Subleasing rates are a metric by which the relative health of the office market can be assessed over time. It is an important indicator of the strength in the overall economy and by extension the office market, since it can indicate how optimistic the tenants feel about their ability to continue to grow.

Understanding the true amount of sublease space is a bit of an art form. According to a third quarter of 2017 MarketBeat Seattle CBD report by Cushman & Wakefield, the company is tracking approximately 326,000 square feet of sublease space, which represents approximately 0.66 percent of the overall inventory (49 million square feet) in the city’s central business district—comprised of the Financial District, Denny Regrade, Pioneer Square/International District, and Lower Queen Anne/Lake Union. But this is not the whole story. “The vacant sublet space is the only space that appears on this report,” said McLaughlin. “The sublet space that is currently occupied but not vacant and yet still marketed is not reflected here.” That additional space adds up to approximately 1.5 million square feet, or roughly 3 percent of the overall market inventory. But these numbers vary based on how the space is counted and what information each brokerage firm is able to extrapolate.
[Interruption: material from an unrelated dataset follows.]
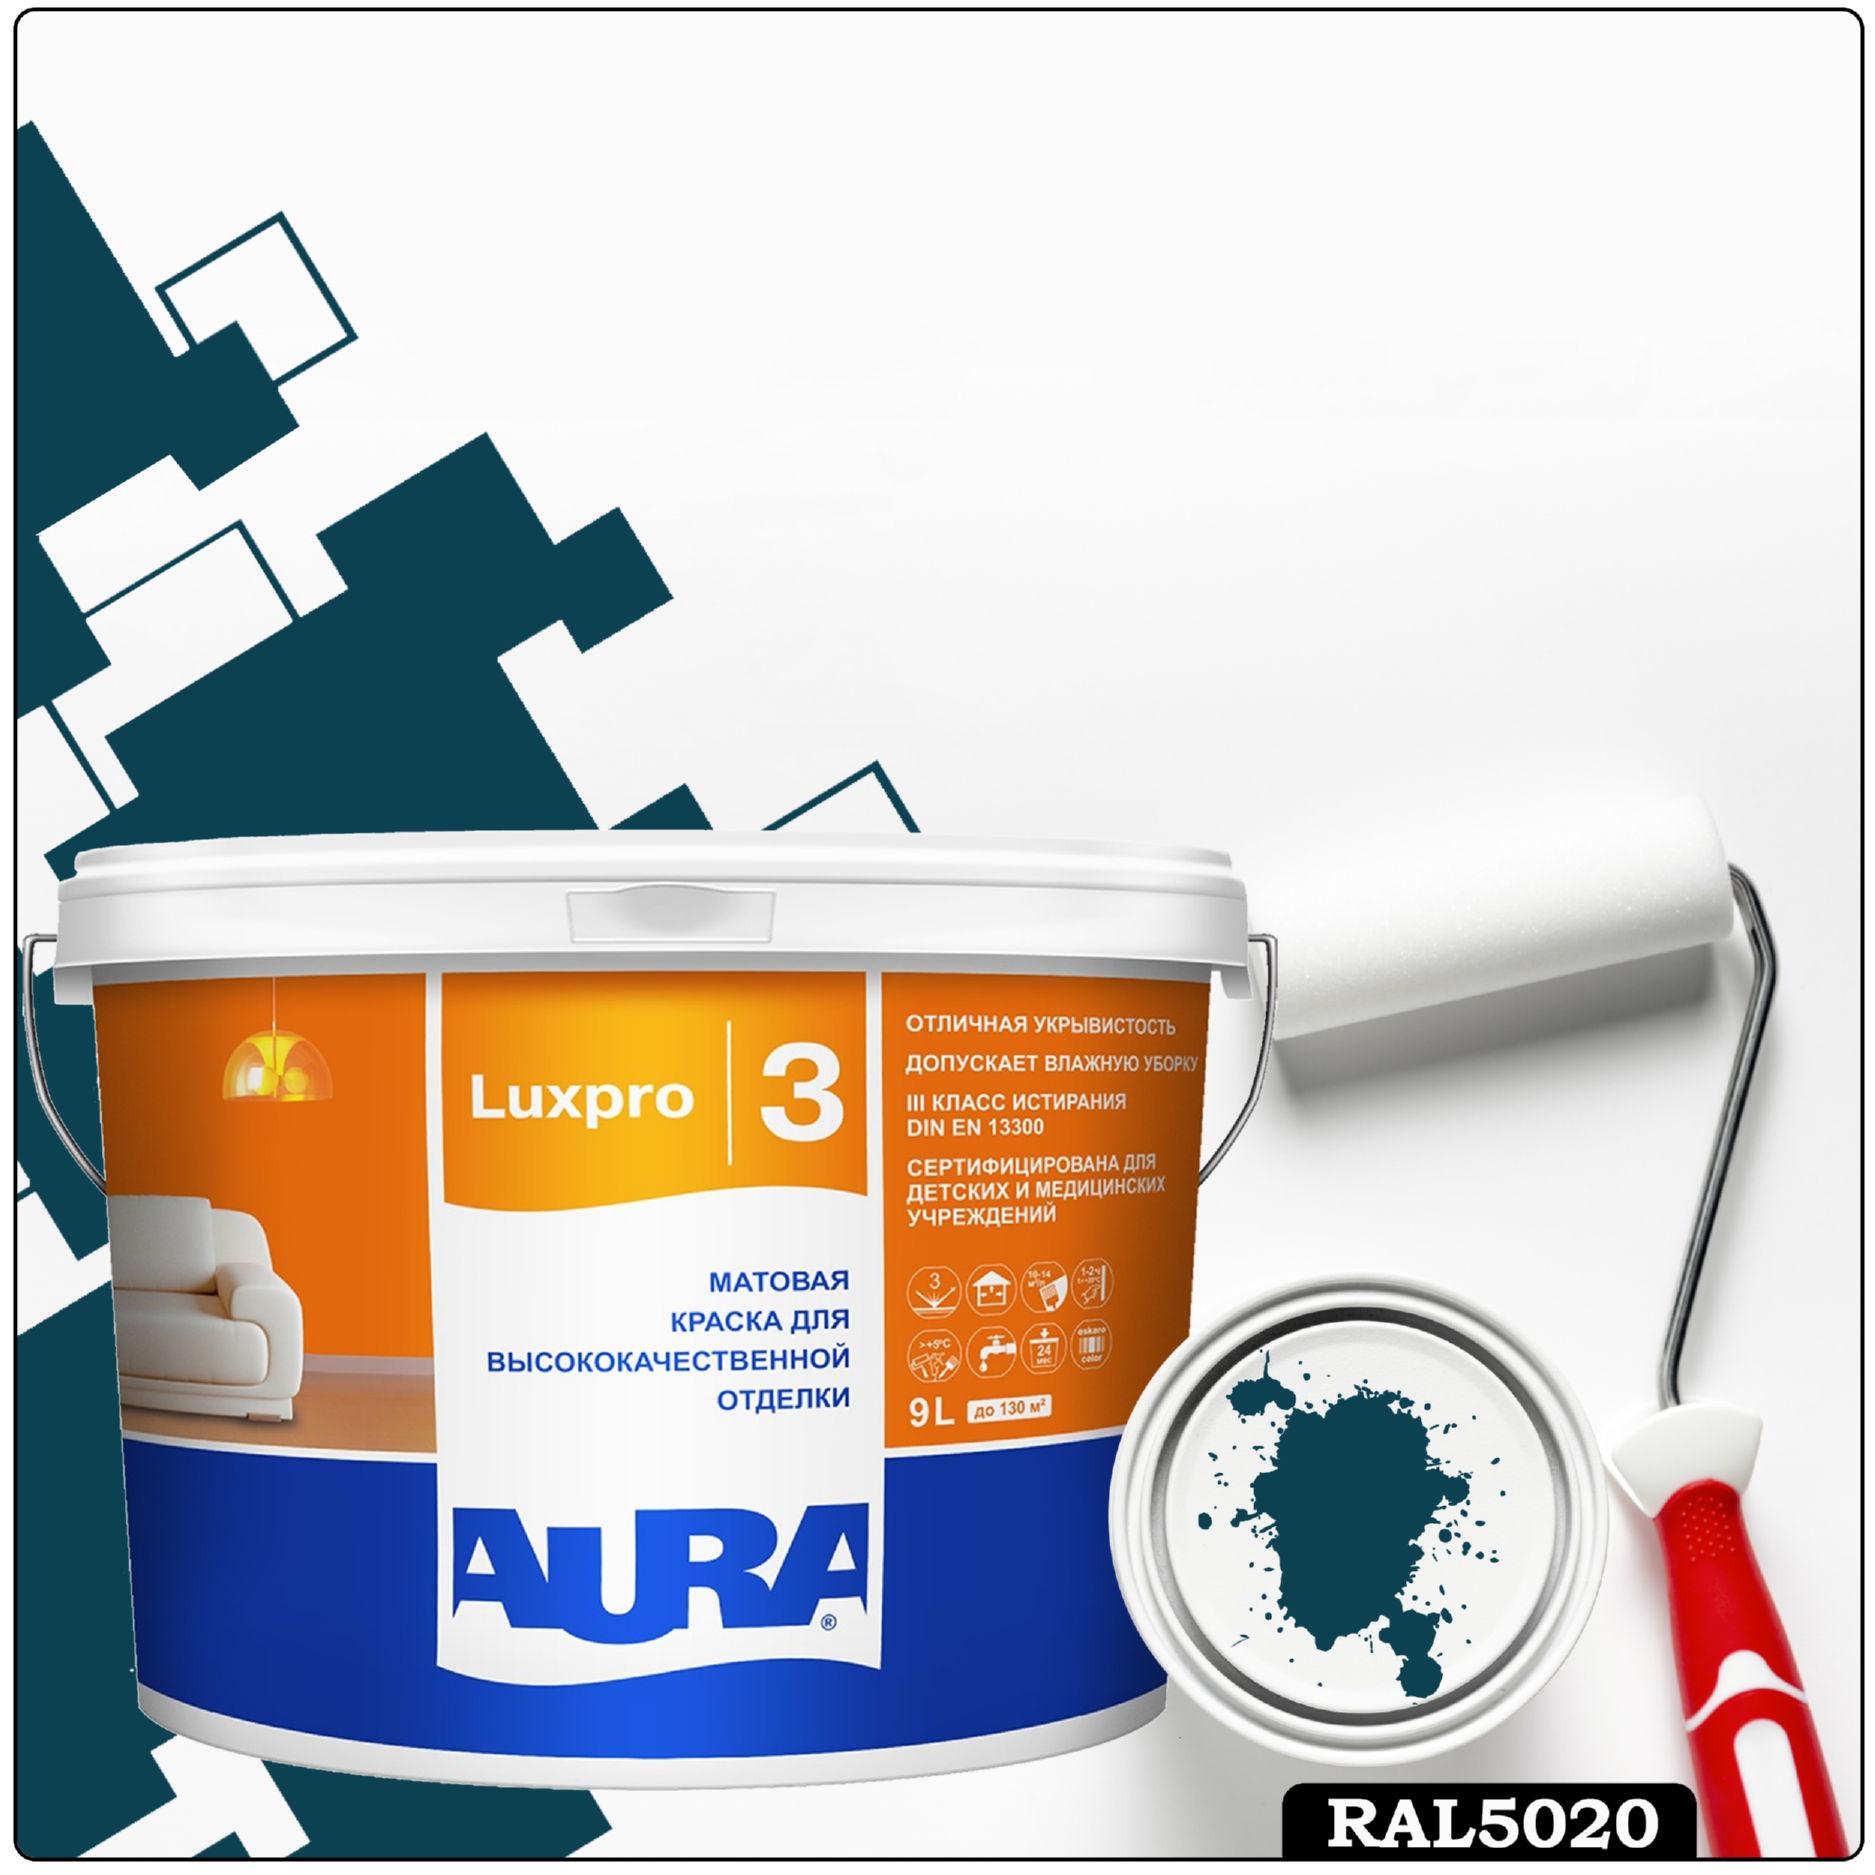 Фото 2 - Краска Aura LuxPRO 3, RAL 5020 Океанская синь, латексная, шелково-матовая, интерьерная, 9л, Аура.

According to the report, overall available space is around 2.5 million square feet, which would imply market vacancy in the CBD at around 5.8 percent, however this figure only accounts for the lower, 326,000 sublease inventory, so total availability might be slightly higher.
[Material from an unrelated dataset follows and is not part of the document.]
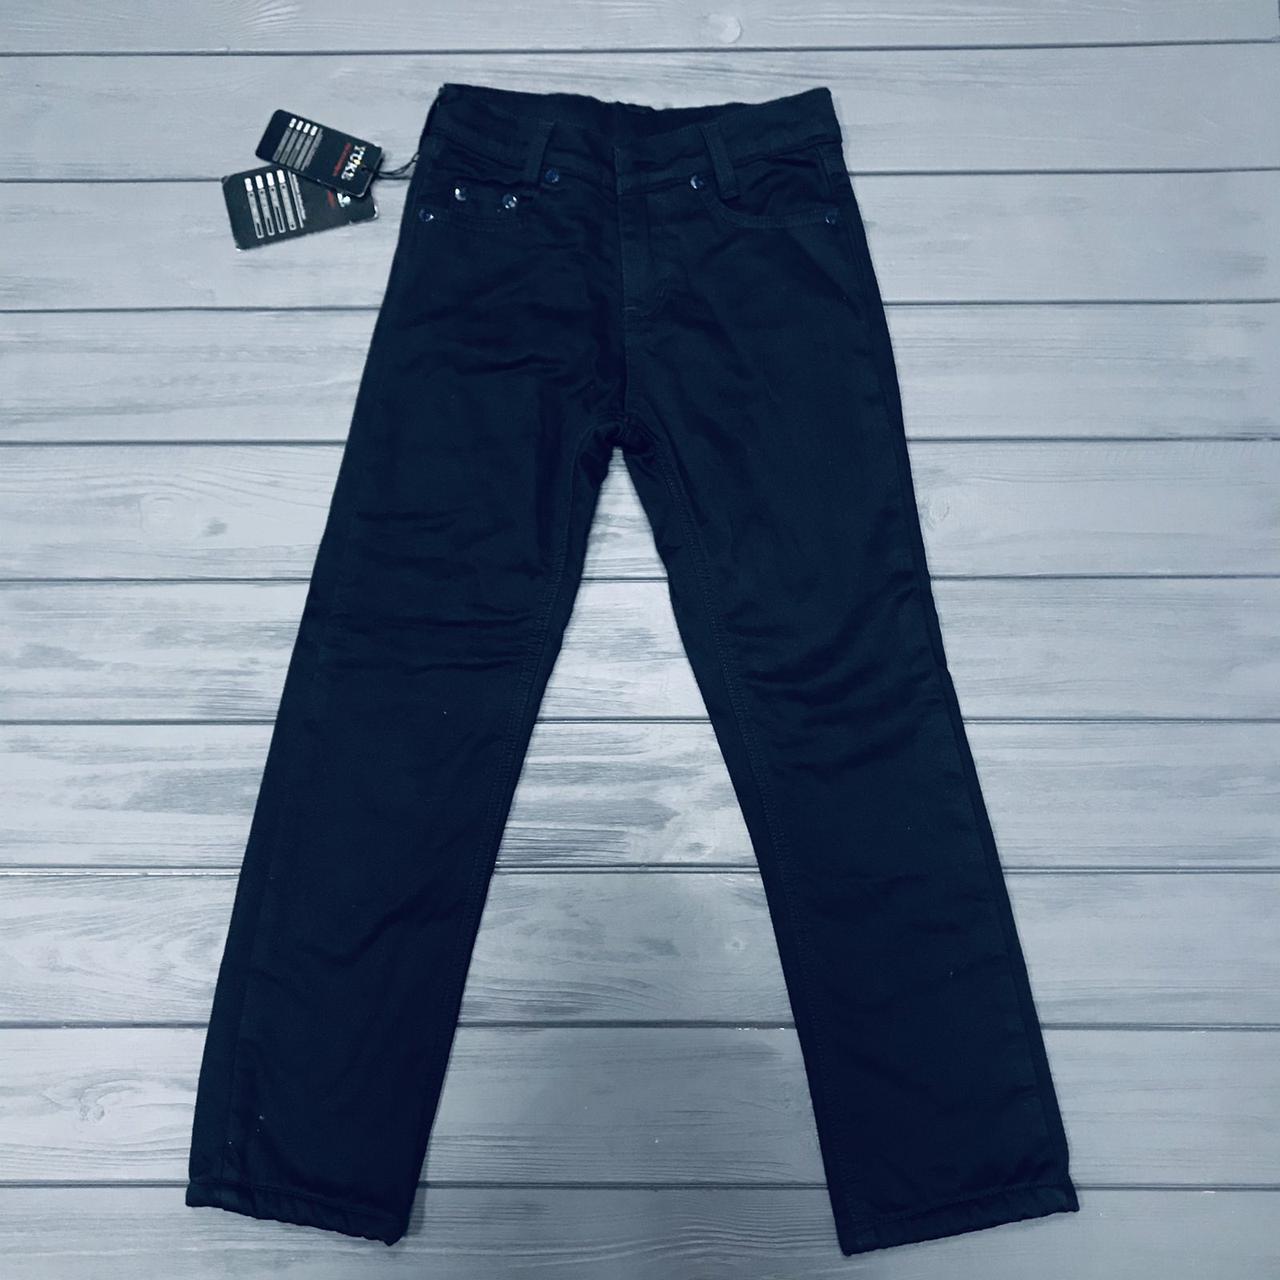 Детские джинсы на флисе  для  мальчиков оптом р.6-9-10 лет

According to McLaughlin, in the second quarter of 2009, in comparison, vacant sublet space stood at approximately 974,000 square feet, compared to 326,000 square fee today. At the time this figure comprised 2.55 percent of the inventory in the market, which totaled 38.15 million square feet. Overall vacancy in 2009 was 14.7 percent, and it currently stands at 5.9 percent, a trajectory that reflects a healthier market and more confidence in the regional economy. Looking at the office market longitudinally in Seattle, he added, there is “significantly less” vacant sublet space available now then there was at the height of the recession in second quarter 2009 in Seattle.

Overall, McLaughlin believes that the current amount of subleased square footage available in the market reflects a stable market. However, the implications of subleasing statistics—what they indicate about the current state of the office market—are difficult to definitively discern, since there is no one-size-fits-all motivation behind subletting space: different companies will sublet space for different reasons depending on their individual growth trajectories. “Each sublease scenario is for different reasons, [so] it is tough to determine the state of the market by just focusing on the sublease market,” he said.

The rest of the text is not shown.